Thursday, August 4, 2016

Notes on Quick and Easy Guide to Effective Speaking

This post contains my notes on the book The Quick and Easy Guide to Effective Speaking by Dale Carnegie.


Many individuals are familiar with Dale Carnegie's book How to Win Friends and Influence People. The Quick and Easy Guide to Effective Speaking is another book Carnegie wrote based on materials from his highly successful course he started teaching in 1912.

I read this book in 2012, the 100th anniversary of Carnegie's unique and effective method for improving communication. What follows are my notes as I recorded them in my 2012 planning journal.



3 Es

In order to be effective when speaking, your topic must meet these three criteria:

  • You earned the right to discuss through study or experience.
  • You are excited about the subject.
  • You are eager to share with others.

"The more you know about a good product, the more enthusiastic you become about it." p94

One of my favorite quotes: "I feel very much like the mosquito who found himself quite unexpectedly in a nudist colony - I don't know where to begin." p111

Chapter 4 - Earning the right to talk

1. Limit your subject.
2. Develop reserve power.
3. Fill your talk with illustrations and examples:

  • humanize your talk
  • personalize your talk using names
  • be specific and fill your talk with detail
  • dramatize your talk using dialogue
  • visualize by demonstrating what you are talking about

4. Use concrete words that are familiar to create pictures.

Chapter 5 - Vitalizing the talk

1. Choose subjects that you are earnest about.
2. Relive the feelings you have about the topic.
3. Act in earnest.

Chapter 7 - Making the short talk to get action

1. Give an example - an incident from your life.

  • build your example on a single personal experience
  • start you talk with a detail of your example
  • fill your example with relevant detail
  • relive your experience as you relate it

2. State your point - what you want the audience to do.

  • make the point brief and specific
  • make the point easy for listeners to do
  • state the point with force and conviction

3. Give the reason or benefit the audience may expect.

  • be sure the reason is relevant to the example
  • be sure to stress only one reason


Chapter 8 - Making the talk to inform

1. Restrict your subject to fit your allotted time.
2. Arrange your ideas in sequence.
3. Number your points as you make them.
4. Compare the strange with the familiar.

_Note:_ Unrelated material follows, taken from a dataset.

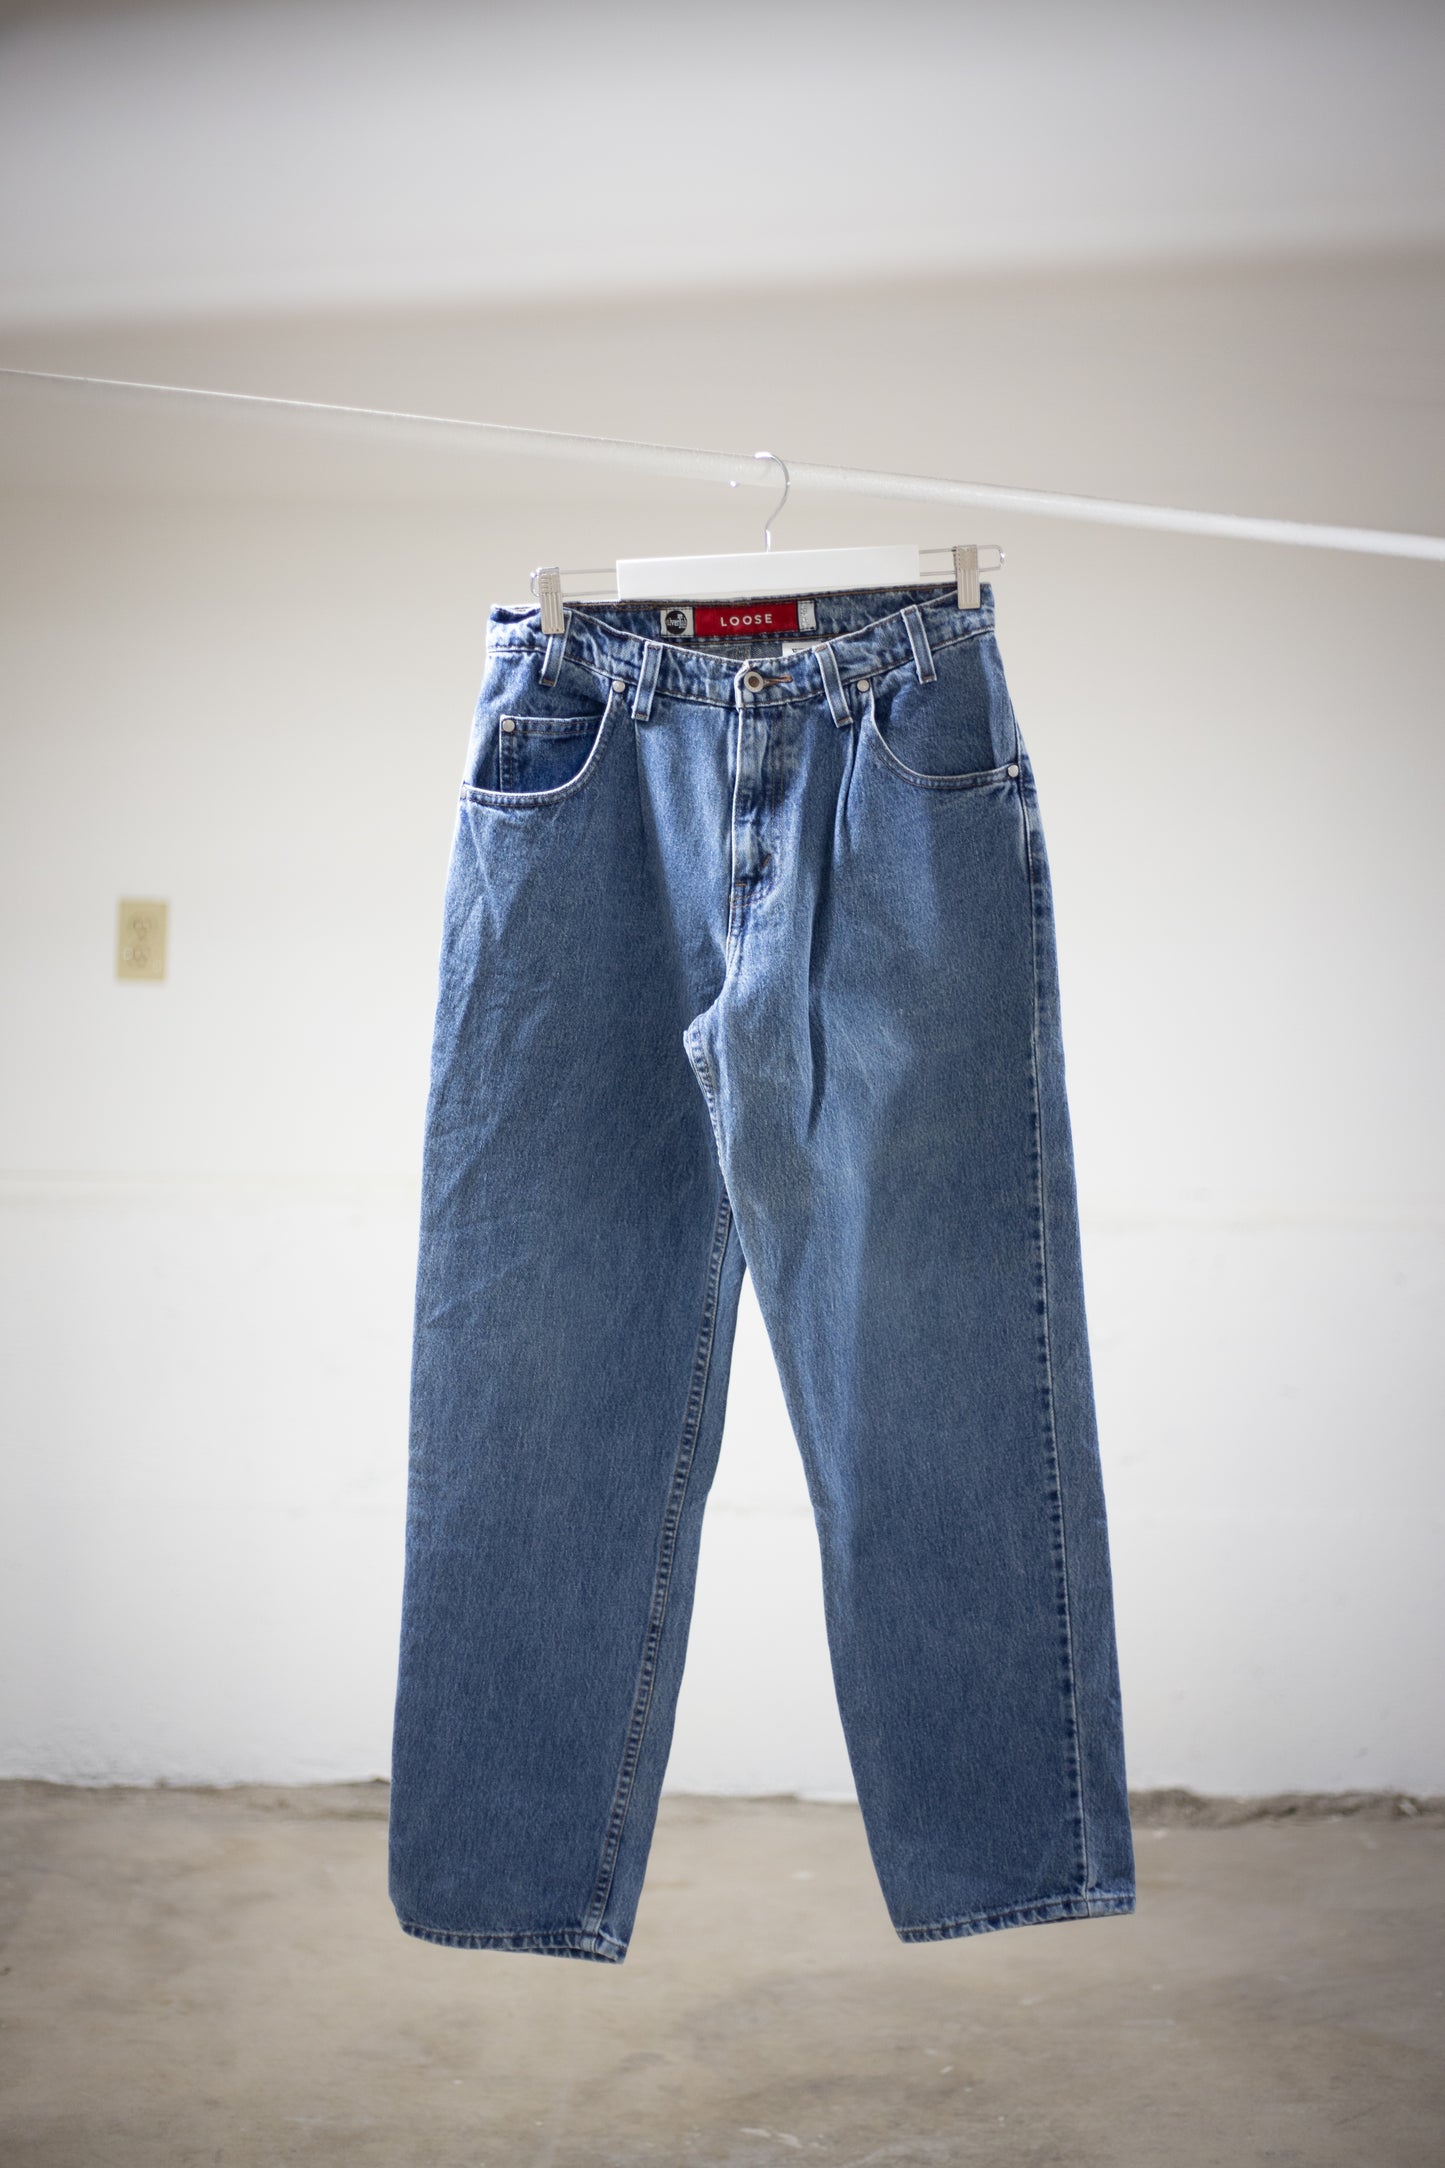 90's Levi's SilverTab (977 0797) Loose Jeans

  • turn a fact in to a picture
  • avoid technical terms

5. Use visual aids

  • keep the exhibit out of sight until ready to use
  • use exhibits large enough to be seen from the back
  • never pass an exhibit around while you are speaking
  • hold up the exhibit so it can be easily seen
  • demonstrate, if practical
  • don't stare at the exhibit - speak to the audience
  • when finished with the exhibit, remove it from sight
  • use the "mystery treatment" for dramatic effect


Chapter 9 - Making the talk to convince

1. Win confidence by deserving it.
2. Get a yes-yes response.
3. Speak with contagious enthusiasm.
4. Show respect and affection for your audience.
5. Begin in a friendly way.

Chapter 10 - Making impromptu talks

1. Practice impromptu speaking.
2. Be mentally ready to speak impromptu.
3. Get into an example immediately.
4. Speak with animation and force.
5. Use the principle of here and now.

If you found this information helpful, I encourage you to pick up a copy of The Quick and Easy Guide to Effective Speaking. It will transform how you present to others, both in one-to-one conversations and in groups.